■ The input ■
>>

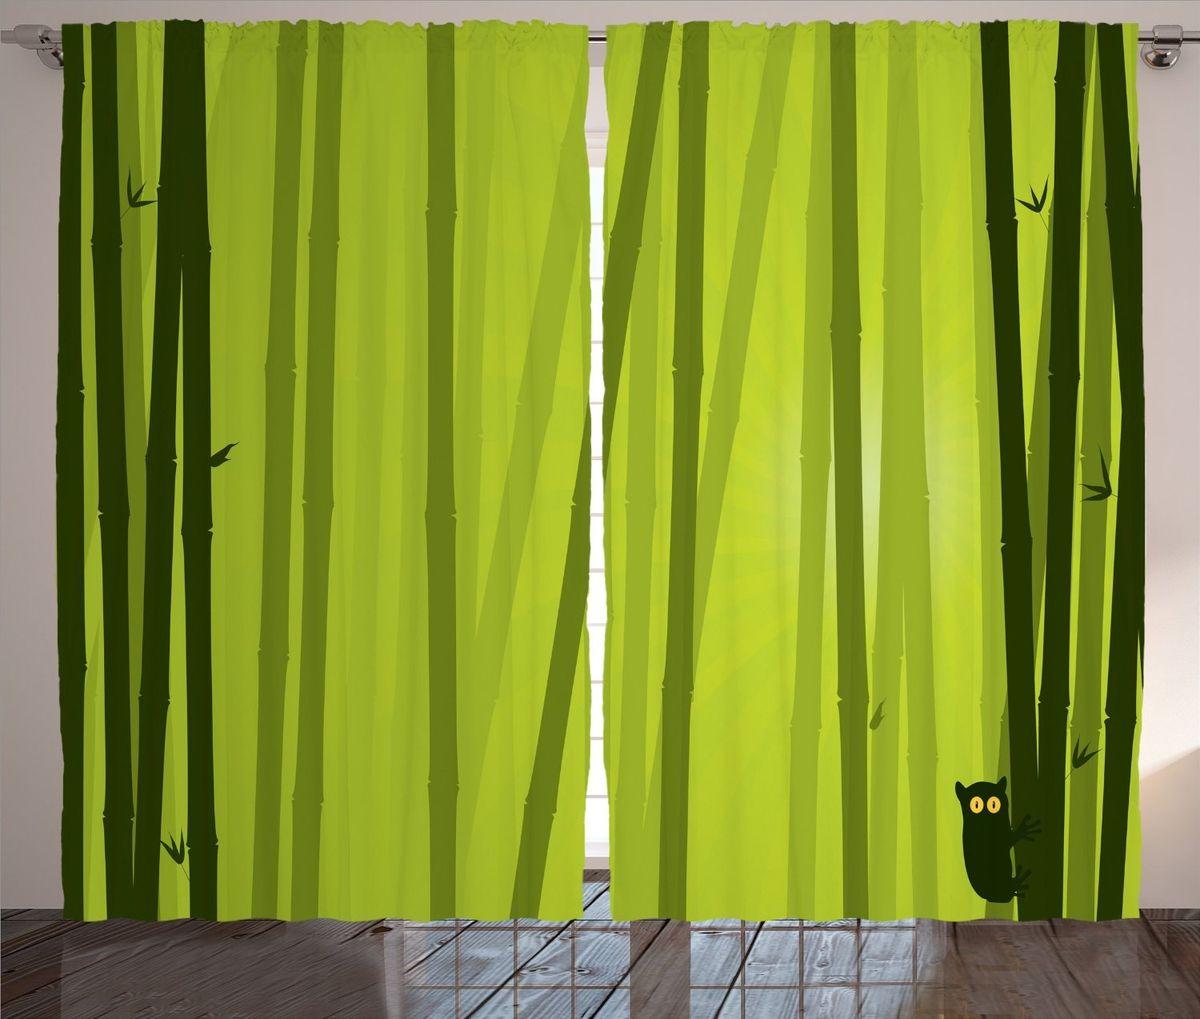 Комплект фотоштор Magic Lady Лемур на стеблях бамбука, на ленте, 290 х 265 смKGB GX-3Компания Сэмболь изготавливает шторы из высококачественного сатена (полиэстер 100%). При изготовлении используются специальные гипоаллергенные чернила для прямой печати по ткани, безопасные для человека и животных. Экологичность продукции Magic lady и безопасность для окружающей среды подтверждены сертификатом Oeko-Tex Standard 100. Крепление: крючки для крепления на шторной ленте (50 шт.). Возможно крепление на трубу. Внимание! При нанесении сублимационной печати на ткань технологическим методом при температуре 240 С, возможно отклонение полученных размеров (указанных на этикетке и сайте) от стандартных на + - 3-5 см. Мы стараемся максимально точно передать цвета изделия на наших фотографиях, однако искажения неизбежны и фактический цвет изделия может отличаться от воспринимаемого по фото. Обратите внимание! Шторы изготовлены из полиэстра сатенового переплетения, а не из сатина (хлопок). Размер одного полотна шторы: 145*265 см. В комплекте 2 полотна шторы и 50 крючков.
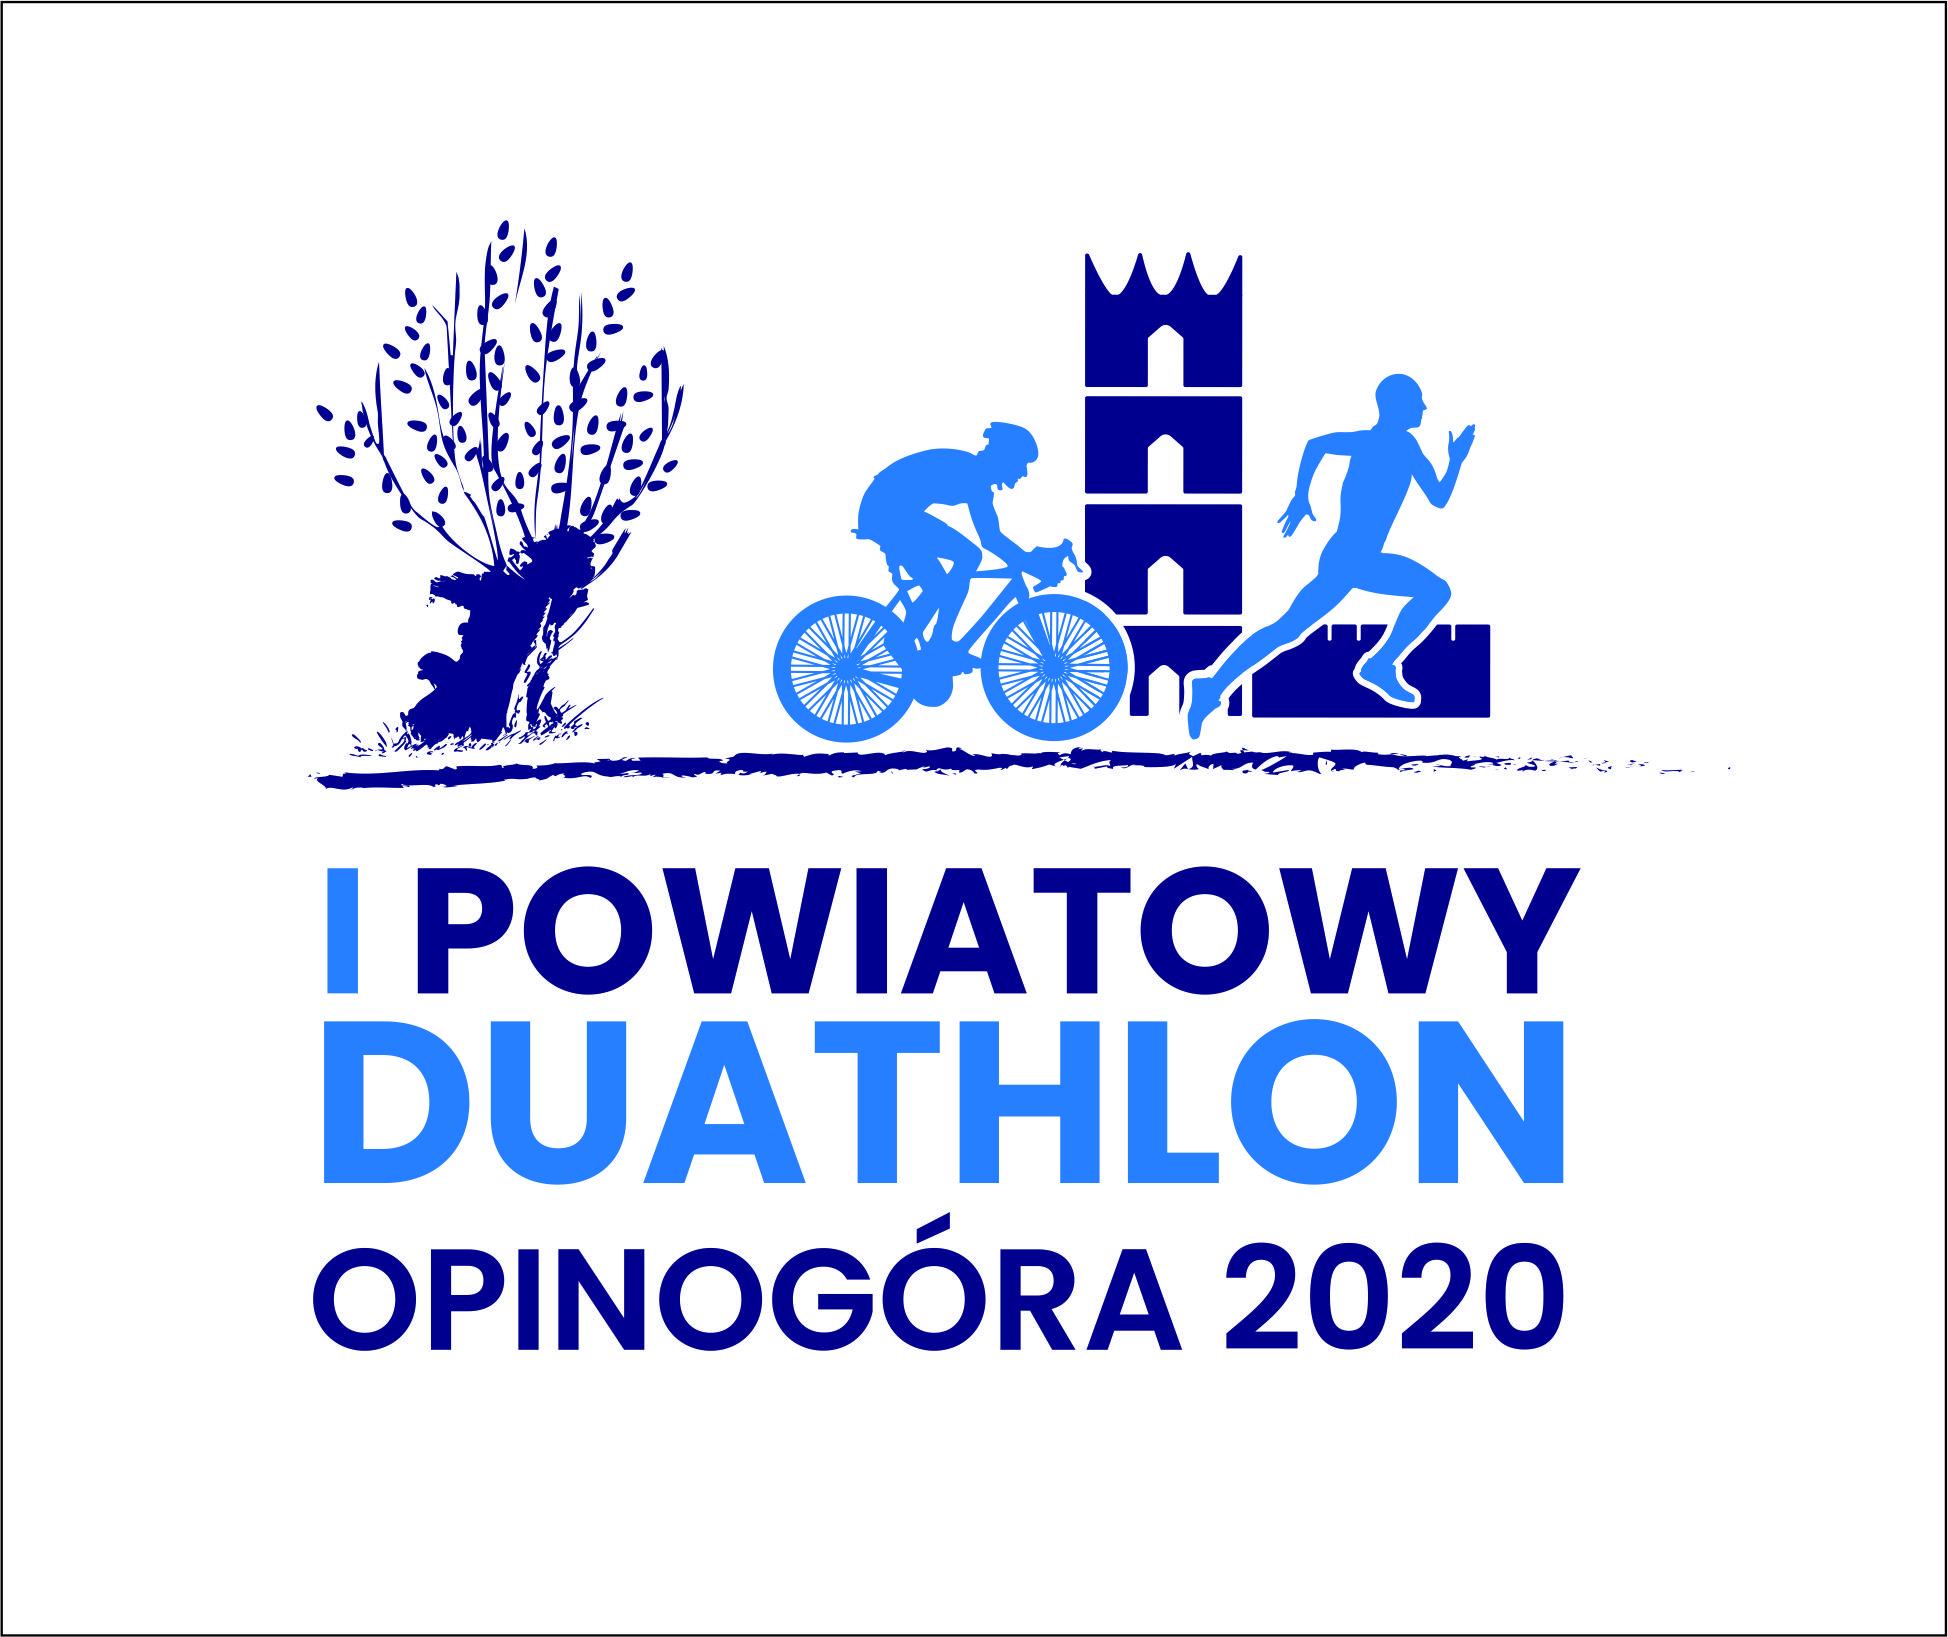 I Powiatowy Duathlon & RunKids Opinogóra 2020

<<
>>

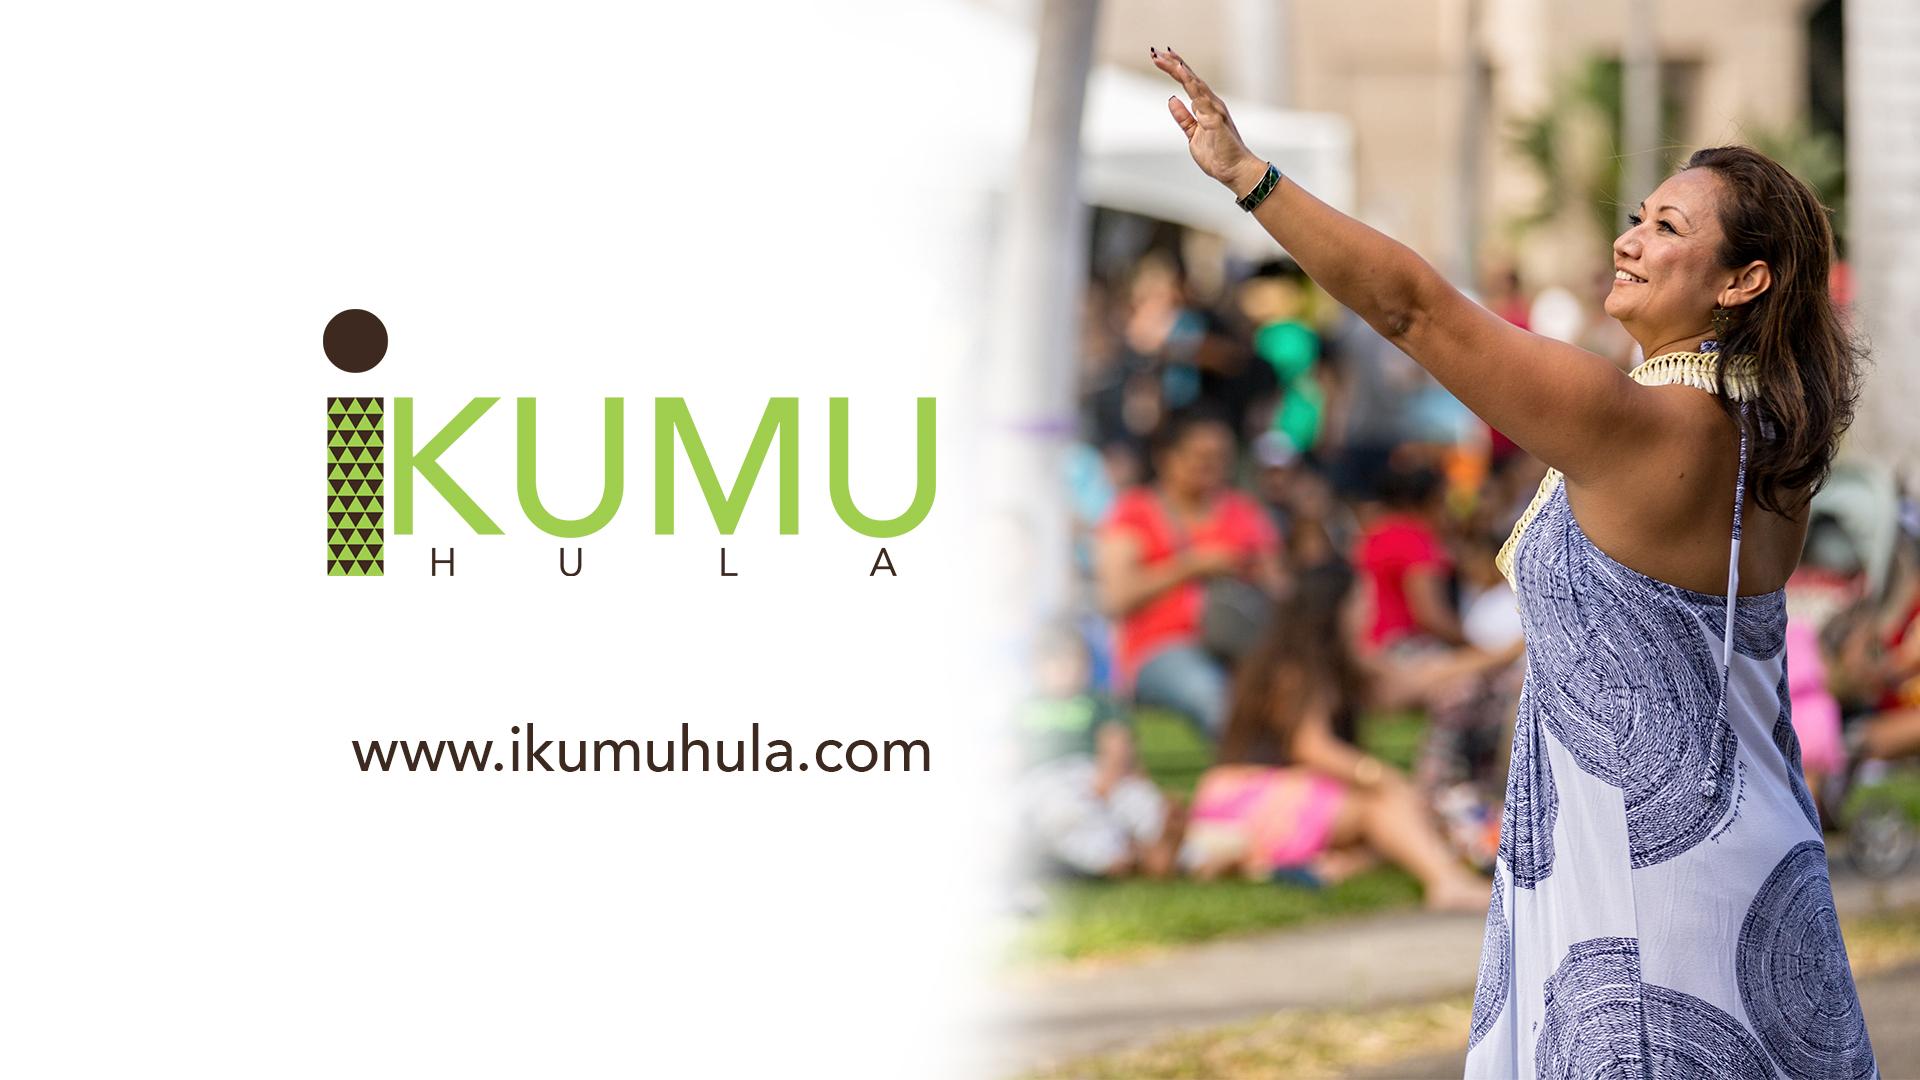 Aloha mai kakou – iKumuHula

<<

■ Task instructions ■
Return exactly the part of the listing above that opens with the line containing "Комплект фотоштор Magic" and closes with the line containing "I Powiatowy Duathlon". Pictures stay out.

■ Exercise output ■
 Комплект фотоштор Magic Lady Лемур на стеблях бамбука, на ленте, 290 х 265 смKGB GX-3Компания Сэмболь изготавливает шторы из высококачественного сатена (полиэстер 100%). При изготовлении используются специальные гипоаллергенные чернила для прямой печати по ткани, безопасные для человека и животных. Экологичность продукции Magic lady и безопасность для окружающей среды подтверждены сертификатом Oeko-Tex Standard 100. Крепление: крючки для крепления на шторной ленте (50 шт.). Возможно крепление на трубу. Внимание! При нанесении сублимационной печати на ткань технологическим методом при температуре 240 С, возможно отклонение полученных размеров (указанных на этикетке и сайте) от стандартных на + - 3-5 см. Мы стараемся максимально точно передать цвета изделия на наших фотографиях, однако искажения неизбежны и фактический цвет изделия может отличаться от воспринимаемого по фото. Обратите внимание! Шторы изготовлены из полиэстра сатенового переплетения, а не из сатина (хлопок). Размер одного полотна шторы: 145*265 см. В комплекте 2 полотна шторы и 50 крючков.
 I Powiatowy Duathlon & RunKids Opinogóra 2020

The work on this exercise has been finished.